- Born: March 20, 1964 Memphis, Tennessee
- Died: January 1, 2014 (aged 49)
- Occupations: Activist, minister

= Bobbi Jean Baker =

American transgender activist and minister (1964–2014)

Bobbi Jean Baker (March 20, 1964 – January 1, 2014) was an American transgender activist and minister.

== Early life ==
She was born in Memphis, Tennessee, and moved to San Francisco from Tennessee in 1992. Baker struggled with drug use and legal challenges in San Francisco, stating in an interview: "I was doing sex work, smoking crack and on speed, and was a fugitive from justice … I was extradited back to Tennessee to serve a four-year prison sentence."

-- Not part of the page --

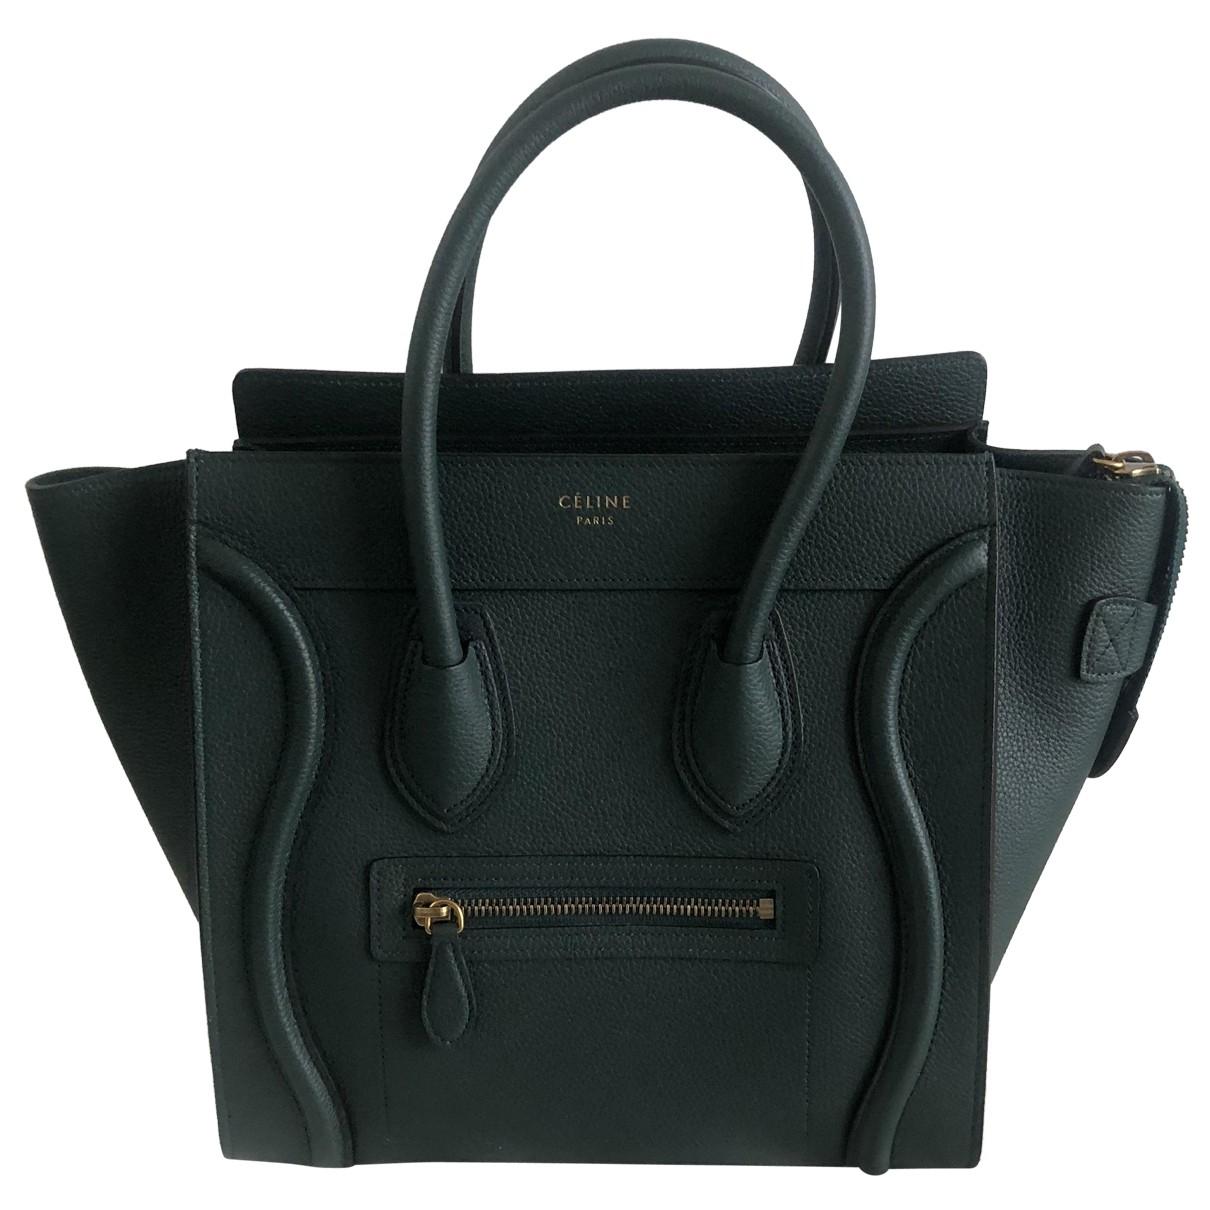 Celine - Sac a main Luggage pour femme en cuir - vert

== Ministry and advocacy work ==
During a multi-day bus ride back to San Francisco following completion of her prison sentence, Baker decided to focus her life on advocacy. In 2001, a supervisor at the Tenderloin AIDS Resource Center gave her a paid position to lead transgender groups. She served as a case manager, domestic violence specialist, housing manager, and peer advocate. Additionally, she was a lay minister at Transcending Transgender Ministries and an ordained minister at City Refuge United Church of Christ, and the West Coast Regional TransSaints Minister of the Fellowship of Affirming Ministries.
She served as an adjutant to Bishop Yvette Flunder, who said the following of Baker: "she believed her ministry was to help transgender people reconcile their spirituality but also to help provide practical assistance, such as food housing, and self-care." For over ten years she was part of the transgender group Transcendence Gospel Choir.

== Death and legacy ==
She died at age 49 on January 1, 2014, on New Year's Day after a car crash. After leading a New Year's Eve service at the City of Refuge Oakland, Baker went to deacon Bobby Wiseman's home for a meal. As Wiseman was driving Baker home later that night, their car was hit by another vehicle and Baker was killed.

Footage of an interview with Baker was included in the documentary film Major!, about the life of transgender activist Miss Major Griffin-Gracy. Baker was later portrayed by Jazzmun in the 2017 miniseries When We Rise.